— EXERCISE —
When writing out the entries below, keep only the lines from the line with "Rain on the streets of Shanghai." to the line with "Mermaid doll with pink hair", both included, exactly as they are, and leave the pictures aside.

— DATA SHOWN —
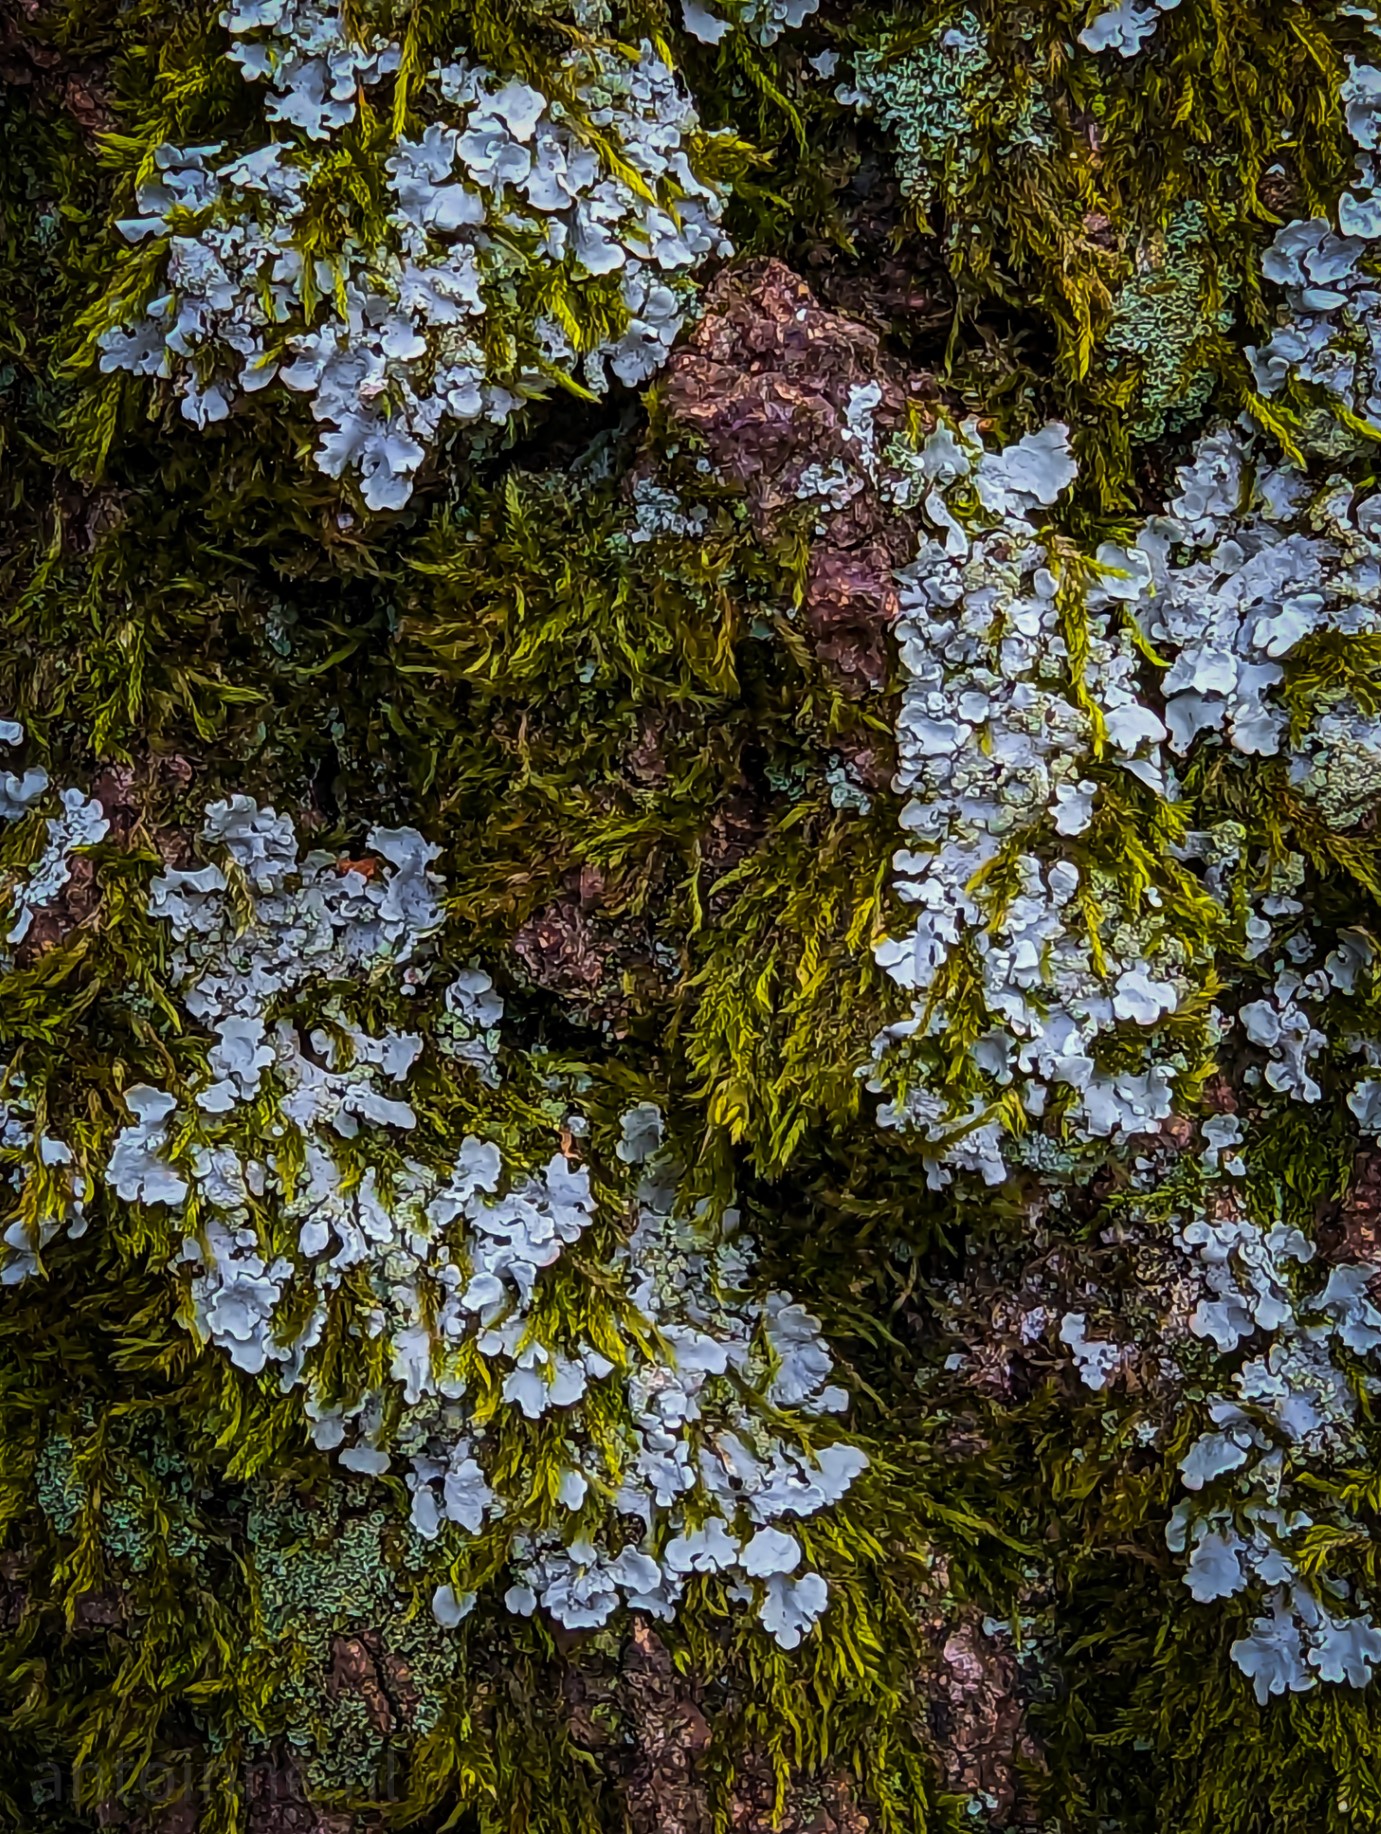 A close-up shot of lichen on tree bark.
* * *
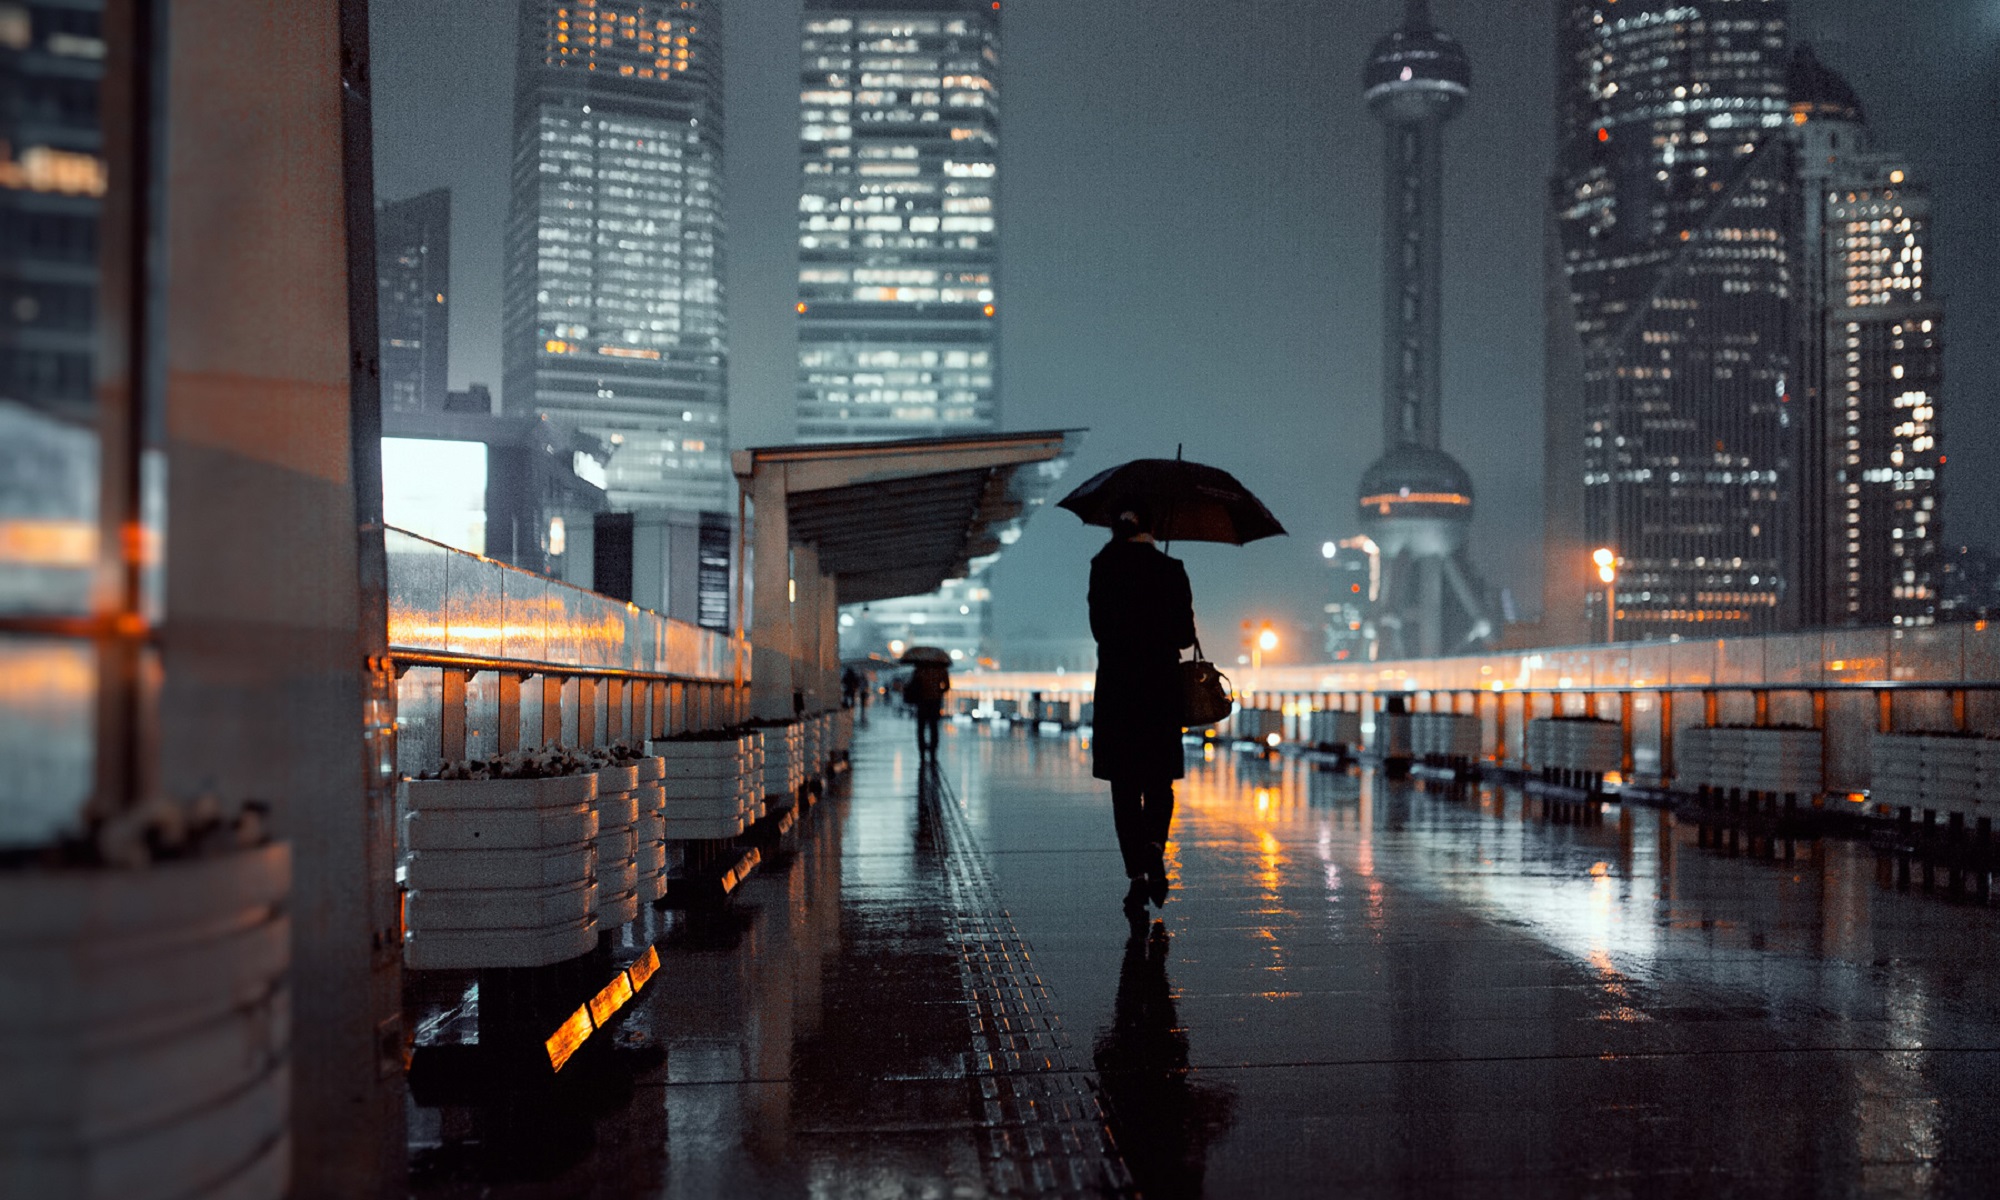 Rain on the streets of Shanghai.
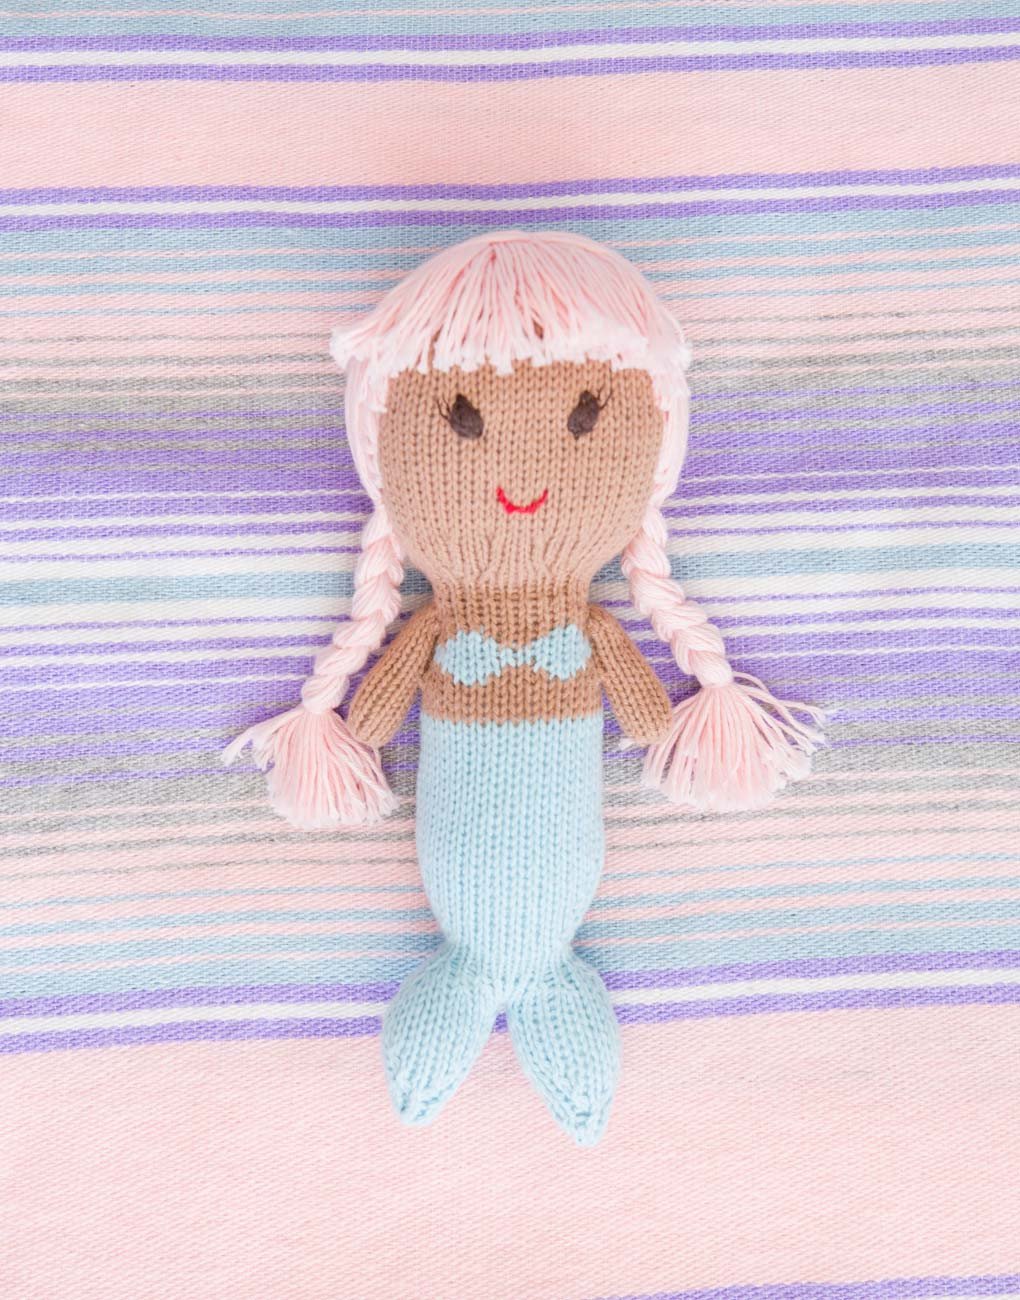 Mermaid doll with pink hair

— OUTPUT FOR THIS EXERCISE —
 Rain on the streets of Shanghai.
 Mermaid doll with pink hair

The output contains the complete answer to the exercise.